Meta/Facebook AI Releases XLS-R: A Self-Supervised Multilingual Model Trained On 128 Languages For A Variety Of Speech Tasks


Talking to one another is a natural way for people to engage. With advancing speech technology, people are now interacting with devices in day to day lives.

Despite this, speech technology is only available for a small percentage of the world’s languages. Few-shot learning and even unsupervised speech recognition can be helpful, but the effectiveness of these methods is dependent on the quality of the self-supervised model.

A recent Facebook study presents XLS-R, a new self-supervised model for a range of speech tasks. By training on approximately ten times more public data in more than twice as many languages, XLS-R significantly outperforms previous multilingual models.

The model is fine-tuned to perform speech recognition, speech translation, and language identification, setting a new state of the art on a diverse set of benchmarks. This includes BABEL, CommonVoice, and VoxPopuli for speech recognition; CoVoST-2 for foreign-to-English translation; and VoxLingua107 for language identification.

XLS-R is based on wav2vec 2.0. The researchers trained the model on over 436,000 hours of publically available speech recordings. They used speech data from various sources ranging from legislative hearings to audiobooks, extending to 128 languages, encompassing nearly two and a half times as many languages as its predecessor.

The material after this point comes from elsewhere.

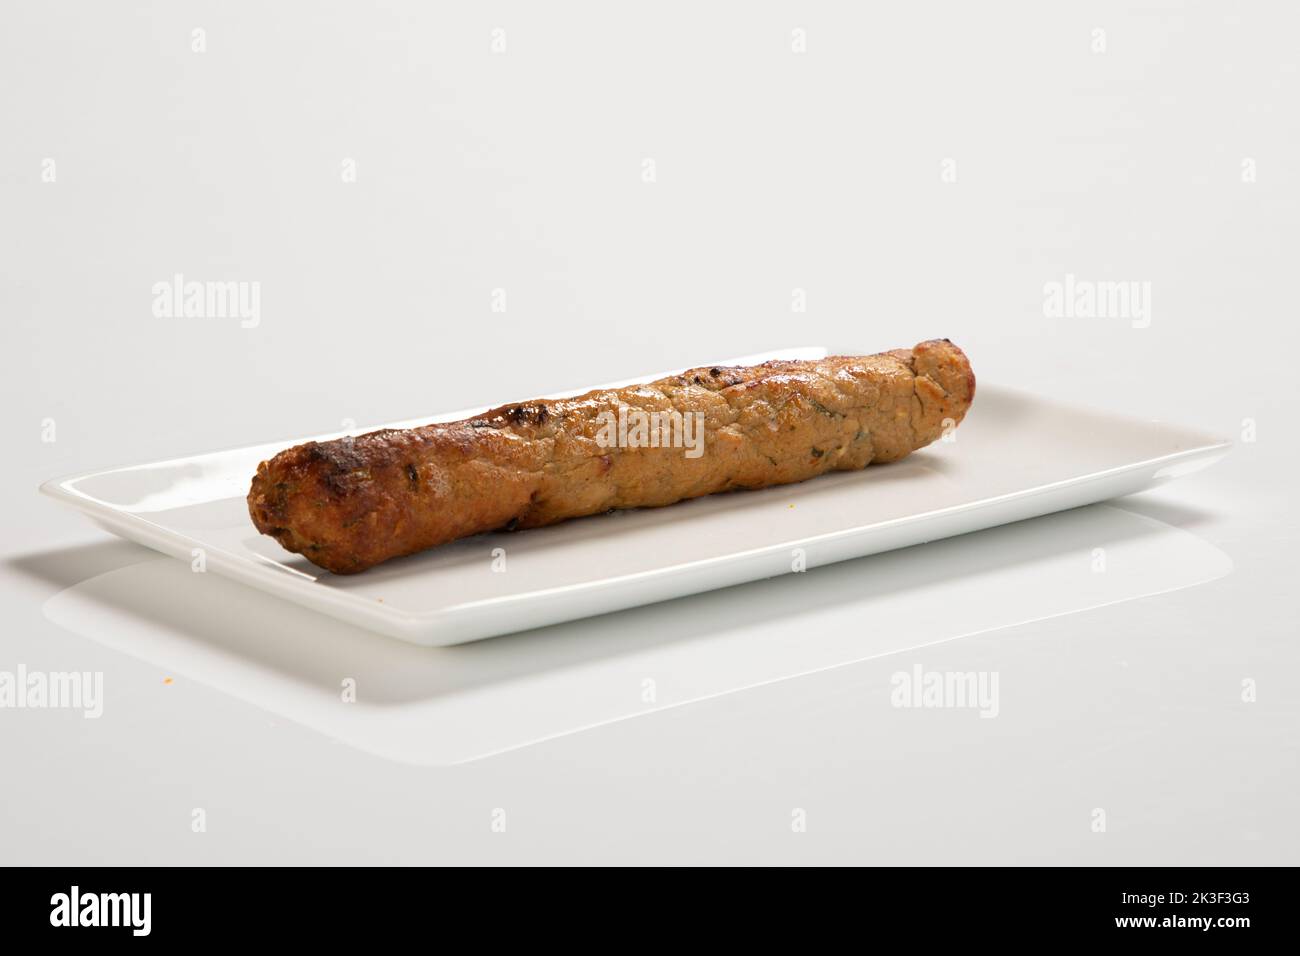 Seekh Kabab made with minced chicken or Mutton keema, served with green chutney and salad Stock Photo

Comparatively, more parameters are required to represent the different languages in the created data set. According to researchers, their largest model, which contains over 2 billion parameters, outperforms smaller models. In addition, they note that pretraining on many languages enhanced performance significantly more than pretraining on a single language.

The team tested XLS-R’s performance on five languages of BABEL, ten languages of CommonVoice, eight languages of MLS, and fourteen languages of VoxPopuli. The proposed model outperforms previous work on the majority of the 37 languages examined.

They also tested their model for speech translation, in which they immediately translated audio recordings into another language. XLS-R was fine-tuned on several alternative translation directions of the CoVoST-2 benchmark at the same time so as to make a model that can execute numerous tasks. As a result, a single model that can translate between English and up to 21 other languages has been developed.

XLS-R is a huge step toward creating a single model that can interpret speech in various languages. The researcher believes that their work will enable machine learning systems to interpret all human speech better and spur more research into making speech technology more accessible worldwide, mainly to marginalized groups. They plan to improve the algorithms by creating new ways to learn with less supervision.